From retail assets driven (mainly unsecured loans) and wholesale funded bank,
DCB has transformed itself into having a diversified, secured and floating loan
assets and stable low cost liability franchise. The successful restructuring has
improved balance sheet strength and bank’s credibility immensely. It turned
profitable in Q2FY11 (after seven quarters of losses due to higher provisioning);
DCB’s profitability has improved materially in every following quarter.
Financials
DCB has suffered huge losses in the past due to poor asset quality. Its second
revival attempt led by Mr. Murli Natrajan is showing more convincing signs. Over
the years, the bank has shown inconsistent growth in advances with its six-year
CAGR of 12%. In its earlier recovery attempt advances grew by 47% in FY06-08
which got fizzled out in FY08 turmoil. It has been able to maintain its margins at
~2.9% over the past four years despite the falling spreads.
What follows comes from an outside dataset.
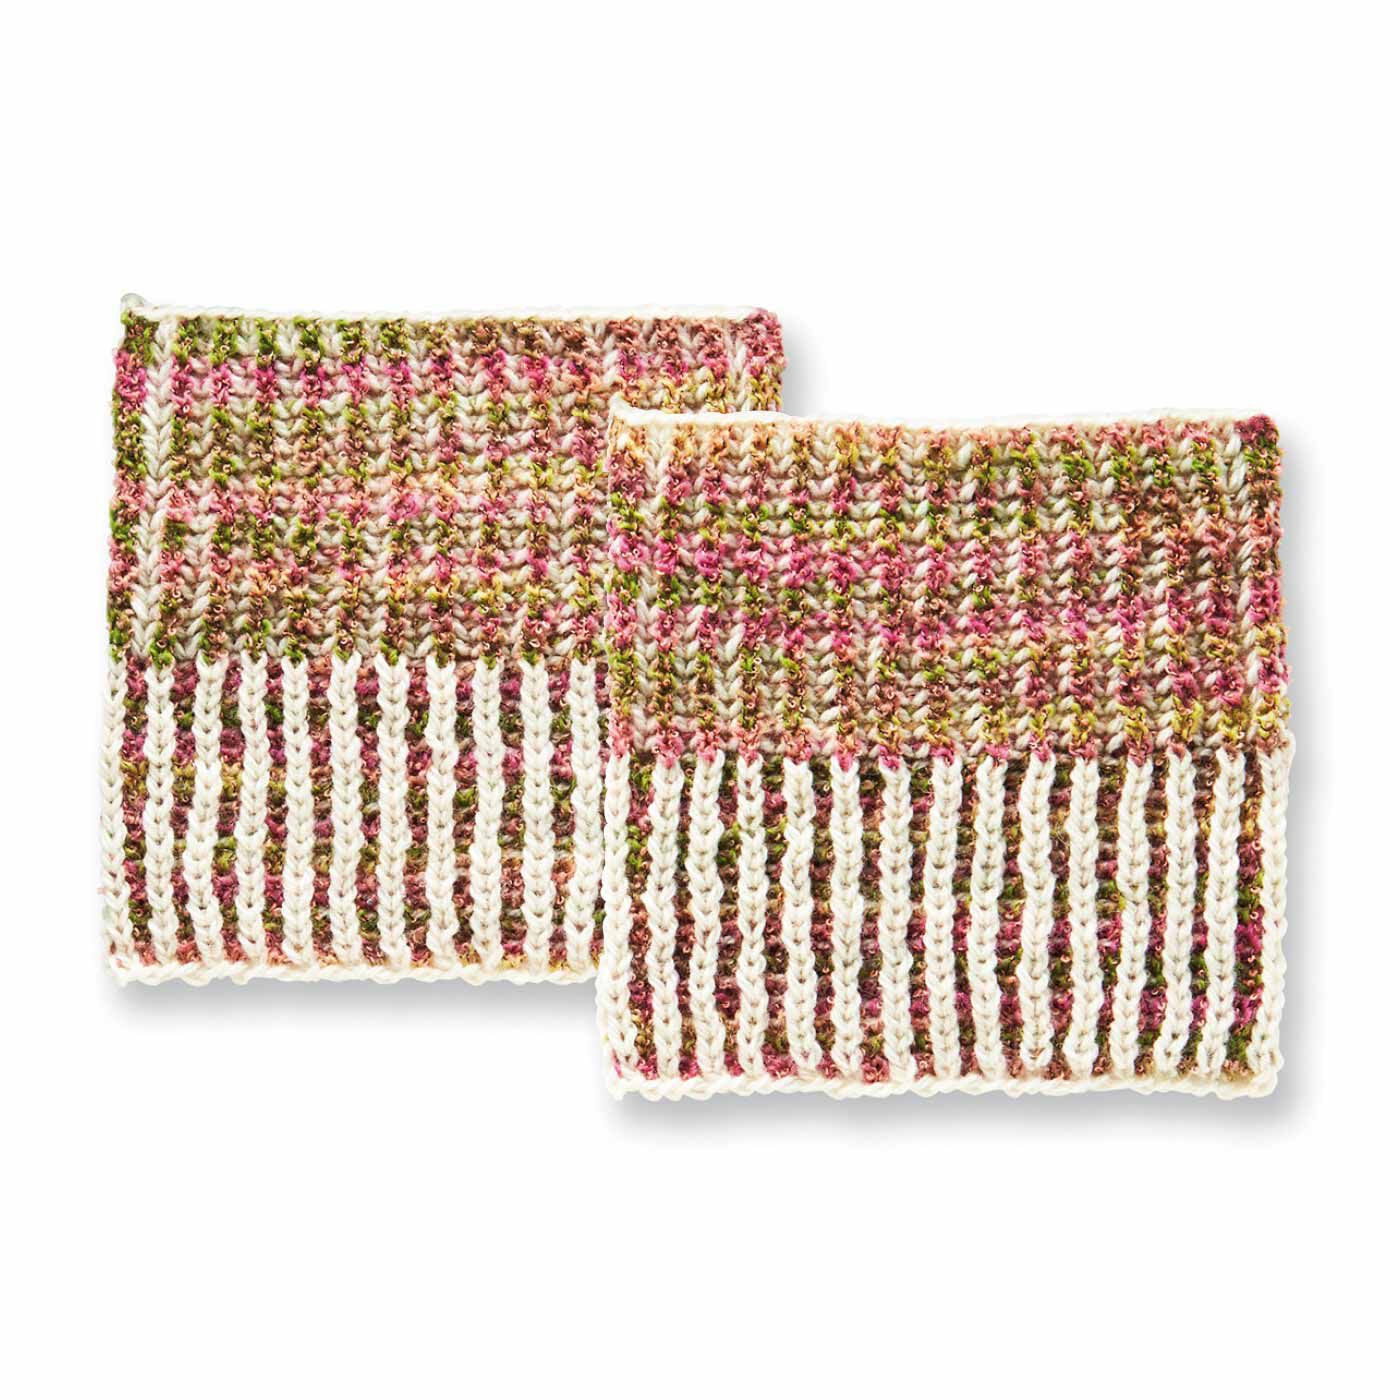 Couturier|棒針編みの沼にはまる ユニーク編み地のサンプラーの会|ざっくりふわふわブリオッシュ編み

In FY11, the bank
managed to improve its NIM to 3.13%. The main reason for the improvement has
been sustenance of a healthy CASA and the asset composition.
Growth Drivers
• It has a very good clientele portfolio. With focus shifting towards SME & retail
portfolio (which are higher yielding portfolio) we believe that the bank will be
able to sustain NIM above 3% which is seen to be on the healthier side.
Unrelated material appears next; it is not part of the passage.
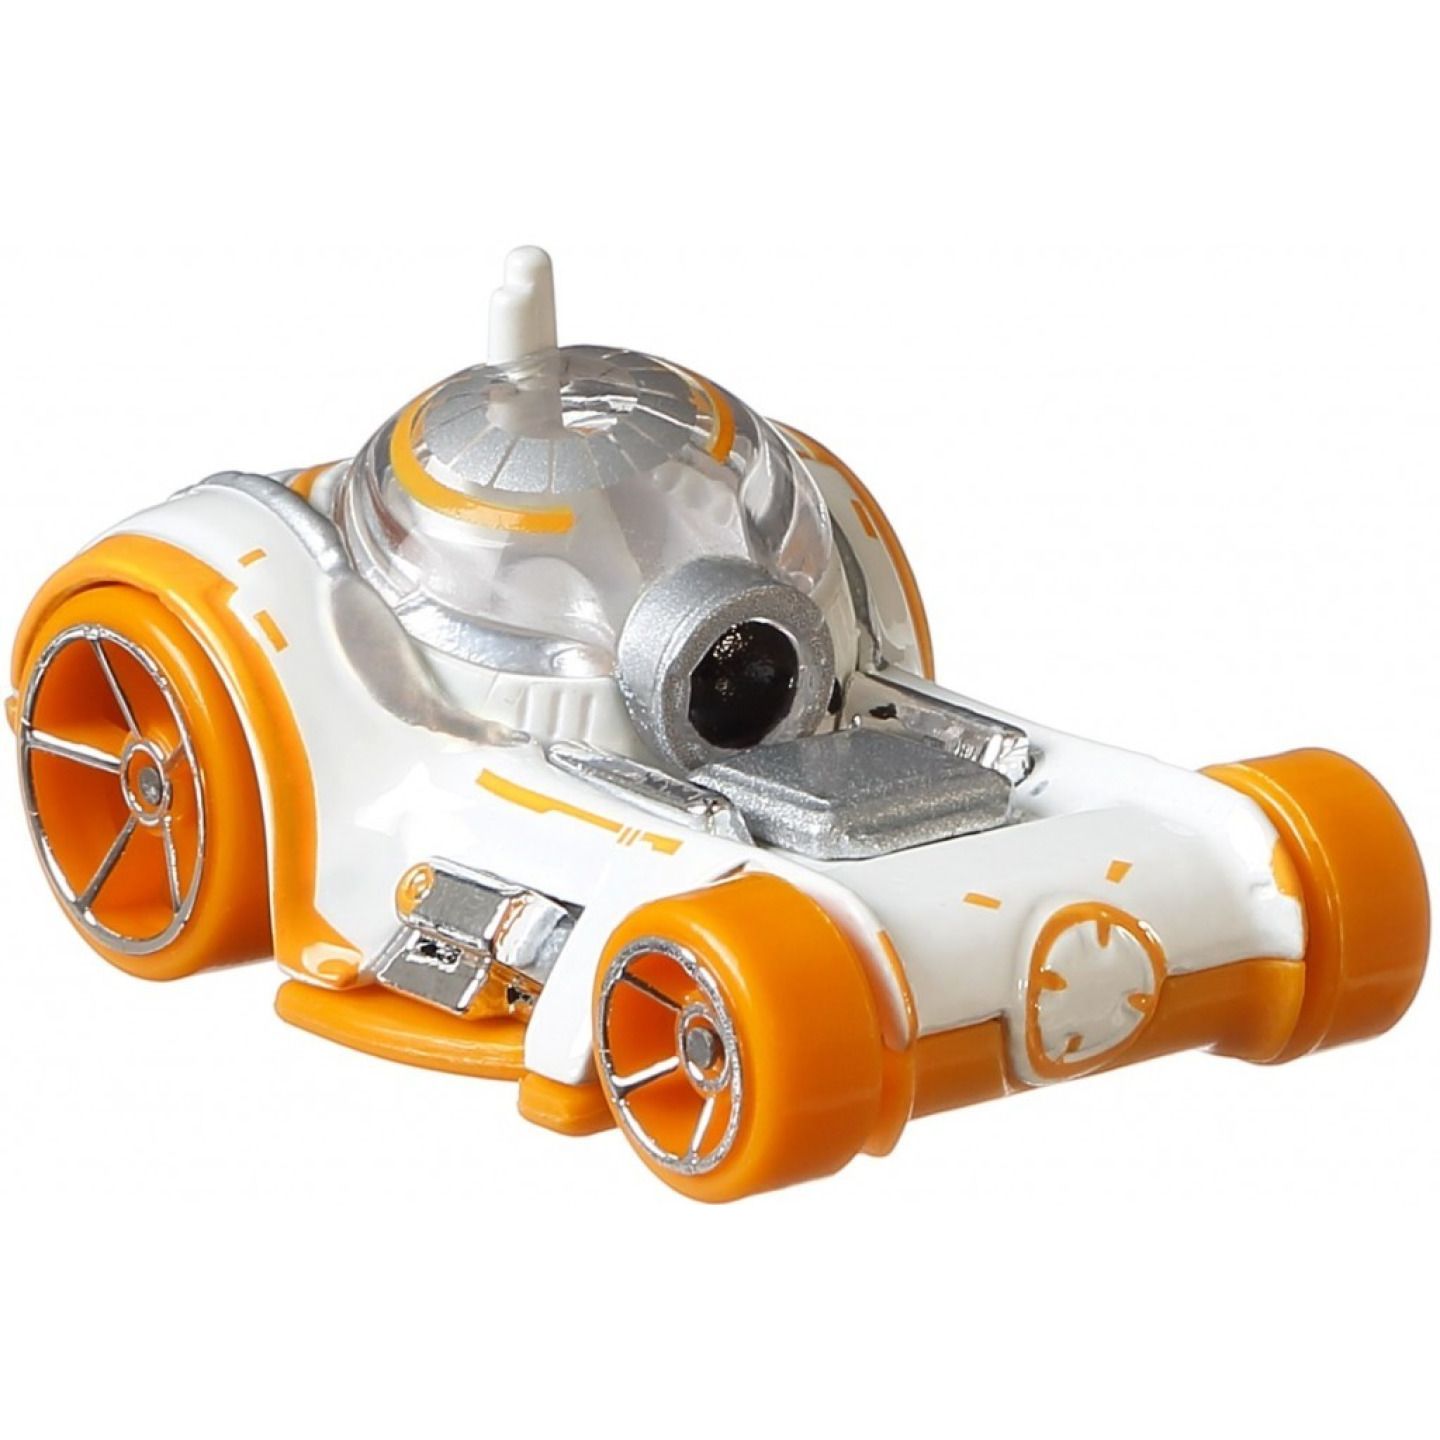 Hot Wheels Star Wars BB-8, Mattel GMH90

• Cleaner asset book to help support growth: The GNPA of the bank has
reduced significantly from 11.24% in Q2FY10 to 5.75% in Q2FY12 due to
intense recovery and control on new accretions. The coverage ratio is healthy
at 87.9%. With legacy issues sufficiently addressed, DCB is expected to focus
on growth going forward which had stagnated since FY08.
• Reduction in promoter stake: Following the new banking license draft which
allows 15% holding by promoters, the stake of AKFED is expected to reduce.
DCB is planning to raise money through QIP in FY12 as the feels that this will
be sufficient for them to grow their balance sheet at 20% in FY12E.DCB is
planning to raise capital in the near term which will increase their book value
which augments well for the growth story. Though the RoEs will be impacted
for few quarters, it will be back on track once the balance sheet grows.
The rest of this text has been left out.